Count di sebelahnya tampak sama terkejutnya dengan respons yang tak terduga itu, menatapnya dengan ekspresi sedikit terkejut. Theo, seolah-olah tidak perlu mendengar apa pun lagi, melontarkan komentar yang mengancam.
“Selama Yang Mulia ada di sini, aku tidak berniat kembali ke ibu kota.”
Mendengar ini, Declan menurunkan pandangannya kembali ke peta dan mengakui kekalahan.
“Jika itu yang kau pikirkan, aku tidak bisa memaksamu.”
Karena Adipati Agung telah mengalah, sang Pangeran tidak punya pilihan selain tetap diam.
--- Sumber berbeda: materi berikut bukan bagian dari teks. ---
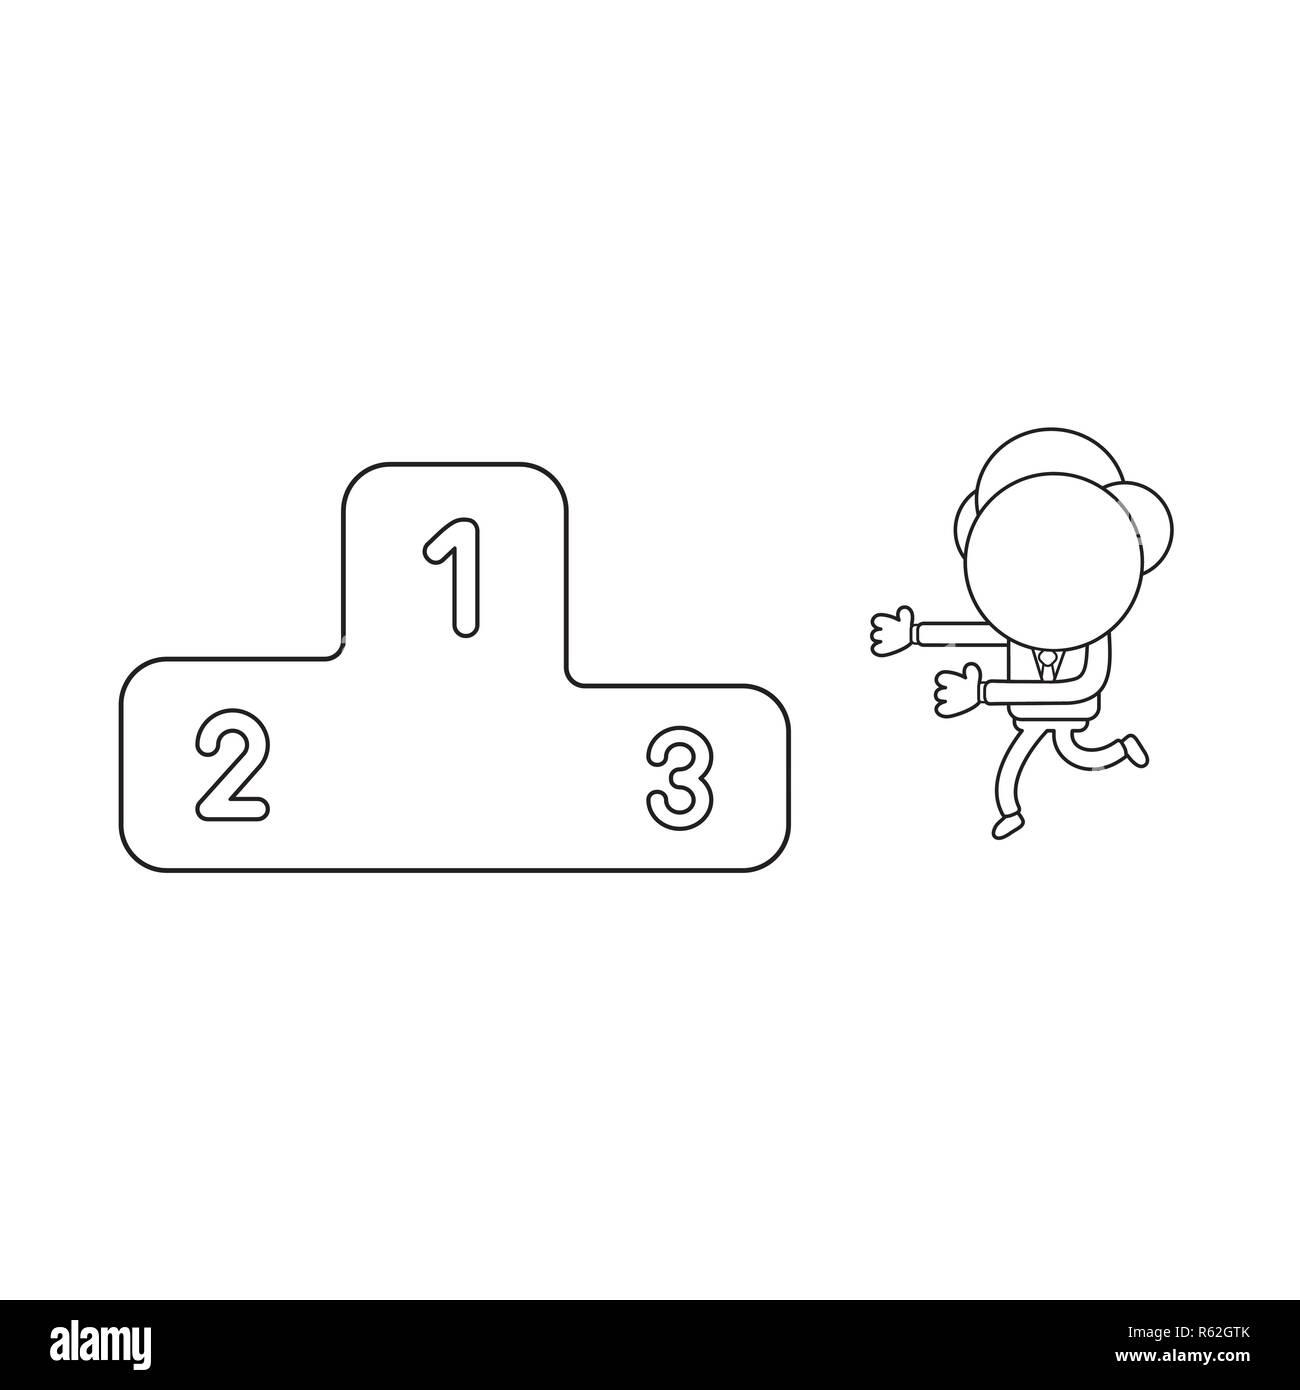 96969b133d Ilustración vectorial concepto de empresario personaje ejecutando al podio  de los ganadores. Contorno negro.

Alih-alih berbicara lebih jauh, ia menatap tajam Theo. Mengabaikan tatapan sang Pangeran dengan wajah penuh kemenangan, Theo mengalihkan pembicaraan.
“Ngomong-ngomong, saat Yang Mulia tiba di ibu kota, itu akan menjadi puncak musim sosial.”
Waktu ketika bunga mawar Mei bermekaran penuh merupakan waktu tersibuk untuk acara sosial sepanjang tahun.
Pesta dansa dan pesta kebun, berbagai pertemuan sosial tersebut merupakan kesempatan terbaik bagi para pria dan wanita yang belum menikah dan telah cukup umur untuk mencari calon pasangan hidup.
“Kasihan sekali para lelaki di ibu kota. Saat Yang Mulia kembali, Anda akan mencuri semua perhatian.”
Bila berbicara tentang Grand Duke, parasnya yang rupawan dibicarakan sebanyak prestasinya di medan perang.
Rambutnya yang bergelombang keemasan, seolah diwarnai dengan emas, dan wajahnya yang secantik patung di katedral, jauh dari kesan seorang prajurit. Ya, suasana pertapaan dan tanpa emosi yang menjadi ciri khasnya lebih cocok untuk biara ini daripada medan perang.
Faktanya, saat masih muda, Theo pernah terjerumus dalam perenungan mendalam, bertanya-tanya apakah tuan muda dari keluarga Adipati Agung itu sebenarnya seorang wanita.
Bagaimanapun juga, tak seorang pun dapat membantah kenyataan bahwa Adipati Agung Monferrato adalah pria paling tampan di kekaisaran, tetapi karena beberapa alasan, ia acuh tak acuh terhadap wanita.
“Yang Mulia, kali ini Anda harus benar-benar menemukan pasangan yang cocok.”
Sang Pangeran, yang sedari tadi menutup mulutnya dengan wajah kesal, menimpali.